"Our right to marry is of paramount importance ,whether you as an individual gay person listening to me right now, want to get married now or ever. It is important because when a country has different laws for different categories of people, it sends its population a message. That the different group of people with lesser rights are somehow inferior, and less deserving of respect, and in fact, not wholly human. And that message is heard loud and clear by the worst elements of our society. It instructs them that if they are looking for someone to bully or beat or even kill, if they are looking for someone vulnerable to pray upon, gay people are a ready target.
"And that is why this movement is not just about our ability to get married, it's not just about our ability to have a party, it's not even about our ability to stand publicly and announce our love to the person we want to spend the rest of our life with. It's about demanding equal rights, equal responsibilities, equal opportunities, equal treatment, and equal protection under the law so that we can herald in a day when no parent will ever have to endure what our next speaker has endured. ladies and gentlemen, Judy Shepherd [the mother of Matthew Shepherd]."

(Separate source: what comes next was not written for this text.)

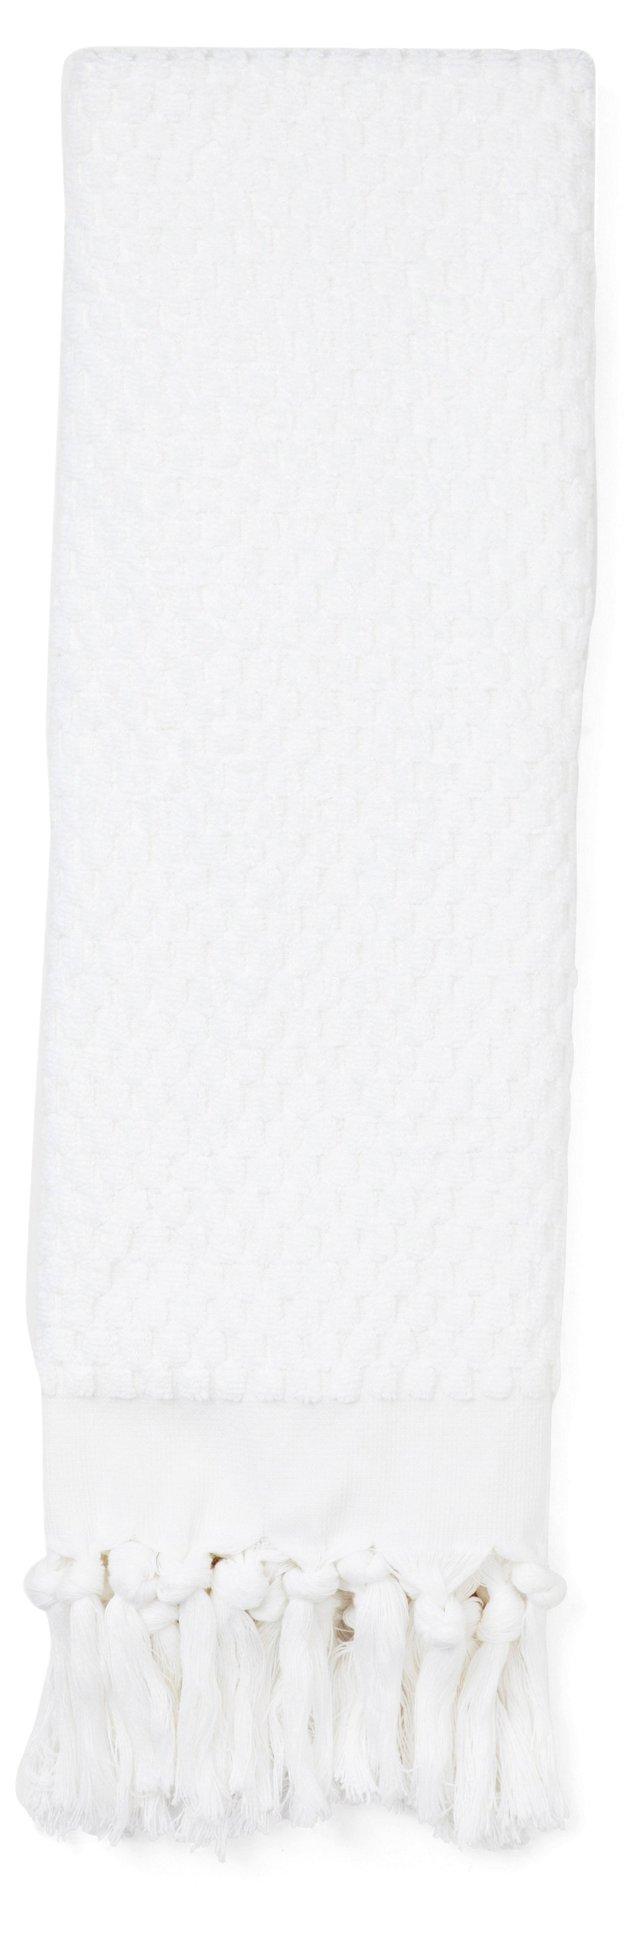 Turkish Hand Towel, White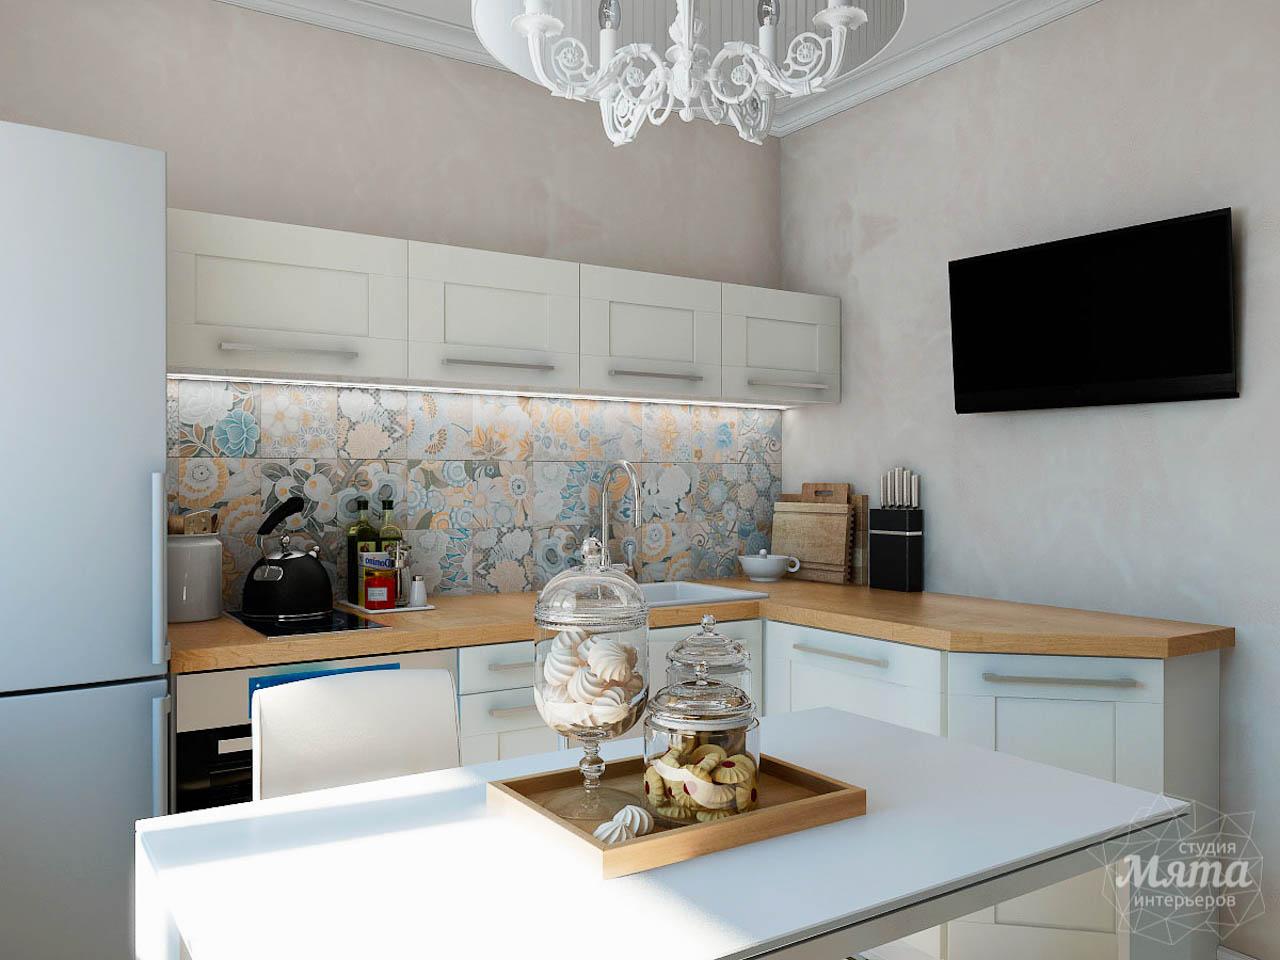 Дизайн интерьера однокомнатной квартиры по ул. Мичурина 231 img1510287185

If our government separates its citizens in terms of the law, they are making a statement about the people it has divided. It singles those out and, whether intentional or unintentional, labels them unworthy, undesirable, and un-American. I'm tired of being told I'm a political eyesore, that I'm not worth a mention from a fearful President, that I'm not good enough to serve my country, that I'm the target of redneck police departments that want to have some fun at my expense....I have been told all my life from others that I am nothing but a sissy worthless faggot whose only value is being a punching bag, an object of ridicule, an object of hate in the name of Jesus Christ. I have had it up to goddamn here.
I am a tax paying, law abiding, contributing member of the United States of America. And I refuse to be told I'm less than any longer.